Introduction: Monet's Paintings of Stacks of Wheat

Introduction: Monet's Paintings of Stacks of Wheat

An introduction to Monet's series of paintings of stacks of wheat near his property in Giverny. Learn how the series is a study not only of weather and light, but also of the passage of time.

Toward the end of the summer of 1890, Claude Monet embarked on one of the most significant projects of his career: his series of paintings of the stacks of wheat that stood in a field adjacent to his property at Giverny. In these works, he explored the boundaries of Impressionism as a realistic, empirical mode of representation, while considering the influence of memory and intuition on perception.

After reaping a harvest, farmers built fifteen- to twenty-foot-high stacks of grain that remained outdoors for some months before being threshed. These forms, which appear somewhat mysterious in Monet's paintings, were ordinary elements of northern France's agricultural landscape, and carried certain symbolic associations with sustenance and abundance. What renders them enigmatic is the extraordinary atmosphere surrounding them—the "envelope," as the artist described it, of pulsating, colored light that both defines and alters forms.

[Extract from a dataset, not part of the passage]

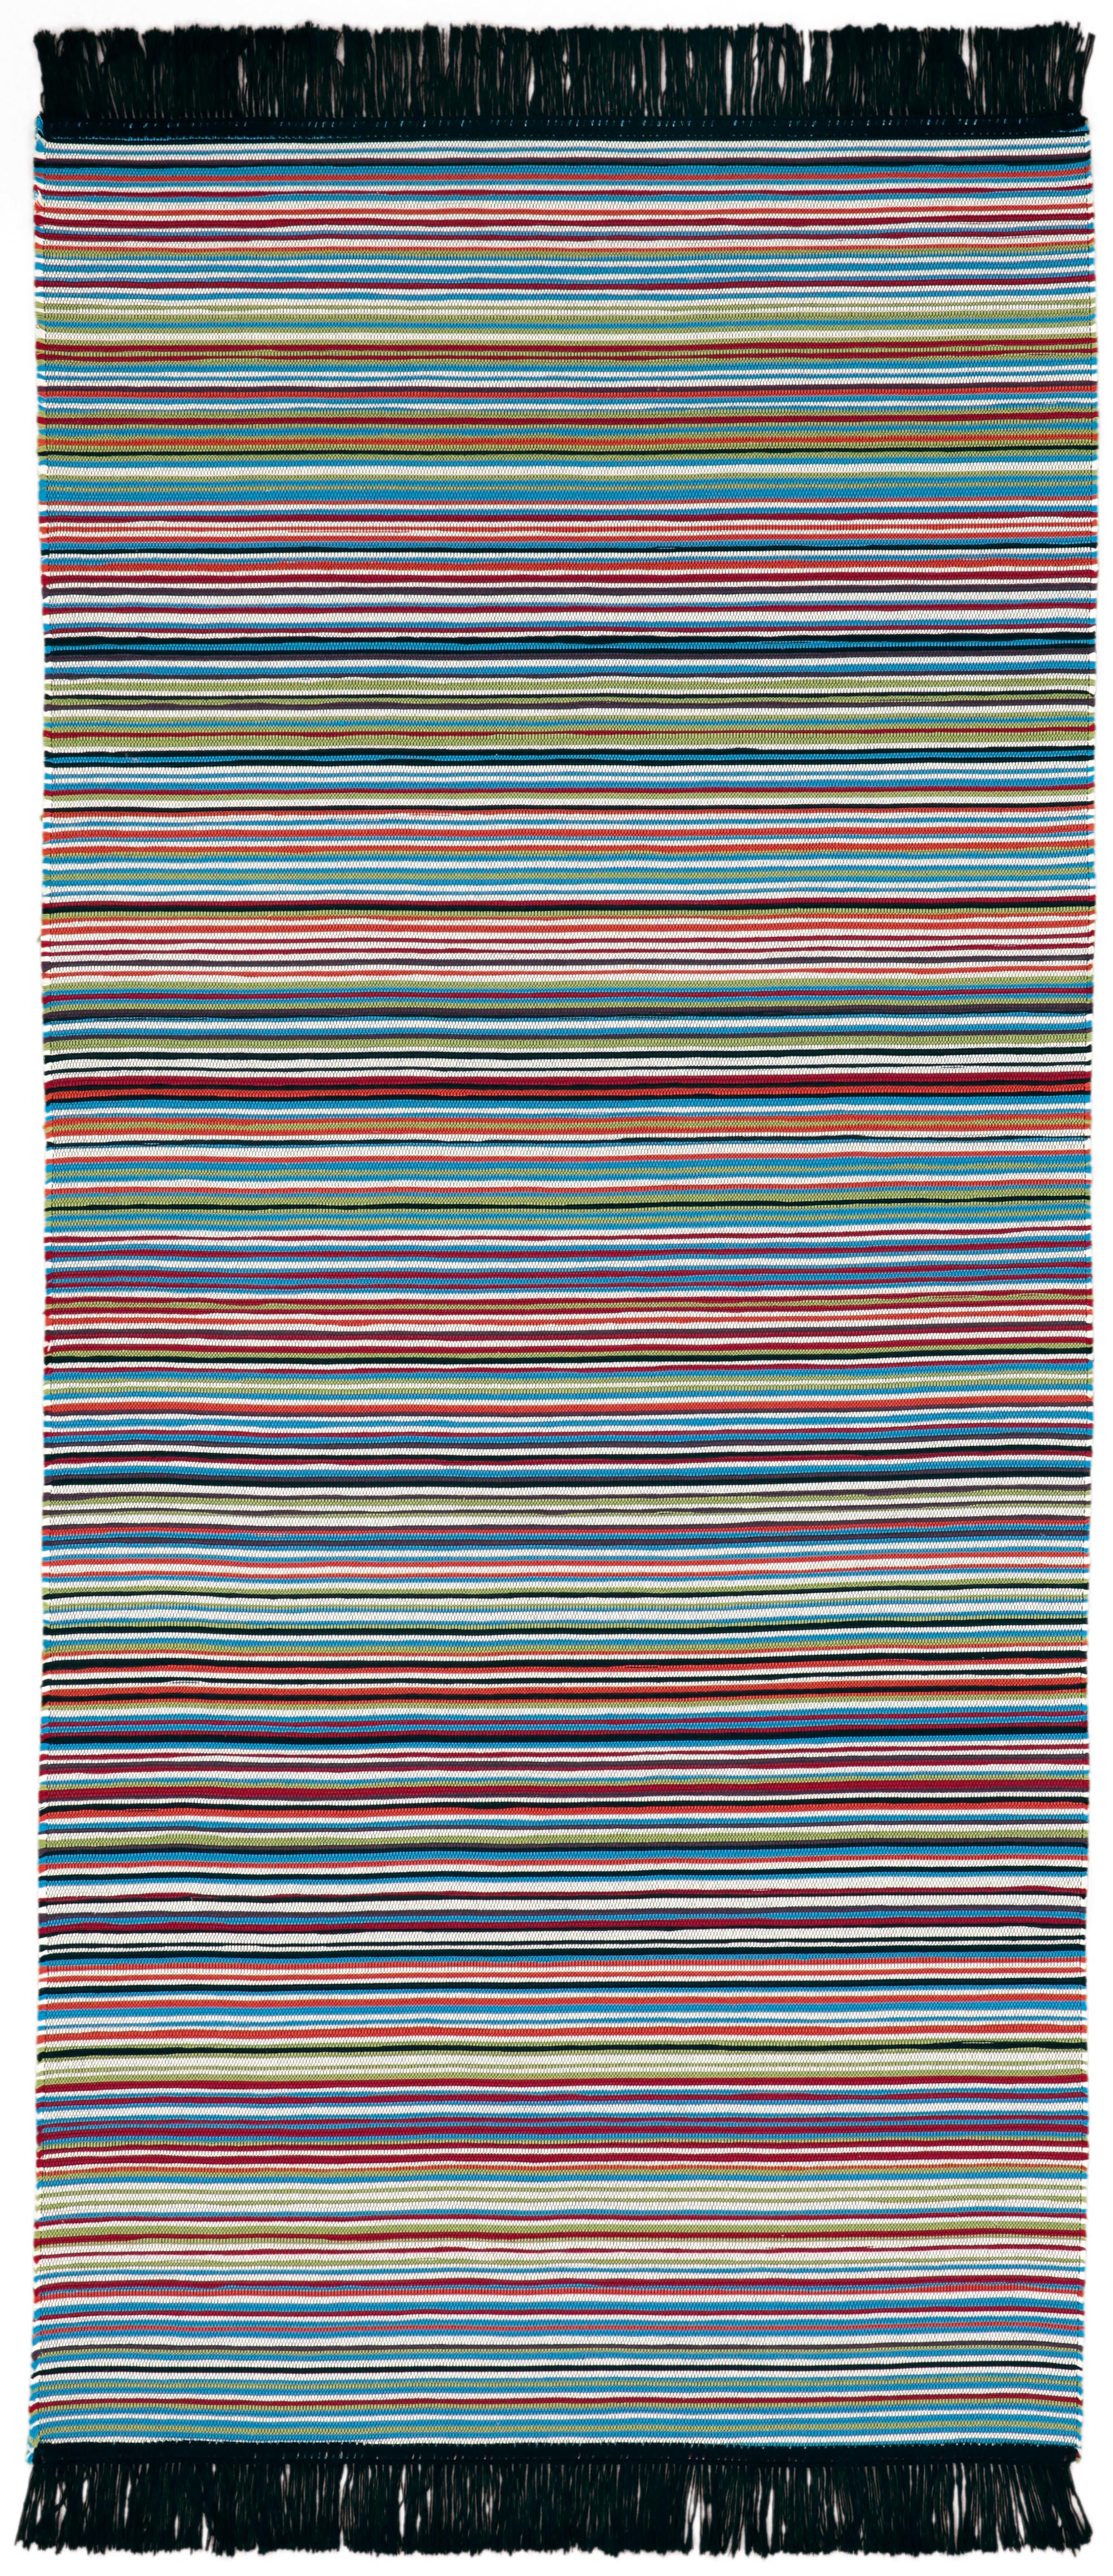 bunt gestreifter Fransen-Teppich "Stripe" aus Baumwolle in 80x200 cm

Stacks of Wheat (End of Summer) must have been one of the first paintings in the series. This becomes apparent through the season that it represents—the raking light emanating from a low sun, its warm yellow tempered by crisp blue, is unmistakably autumnal. Moreover, its compositional structure is relatively illusionistic, with a logical sequence of planes receding into the distance: shadows, stacks, trees marking the field's border, distant hills, and finally sky. Some months later, having become more familiar with the topography, Monet devised a more abstract spatial configuration in Stack of Wheat (Snow Effect, Overcast Day). Here, under a bleak, white, winter sky, a single stack casts a stunted shadow on the snow-covered ground. A band of blue, flecked with more white, serves as background; trees and hills have merged. Against this pattern, Monet introduced a farmhouse with a peaked roof that echoes the crown of the stack; the building balances the arrangement and represents shelter from the evident cold.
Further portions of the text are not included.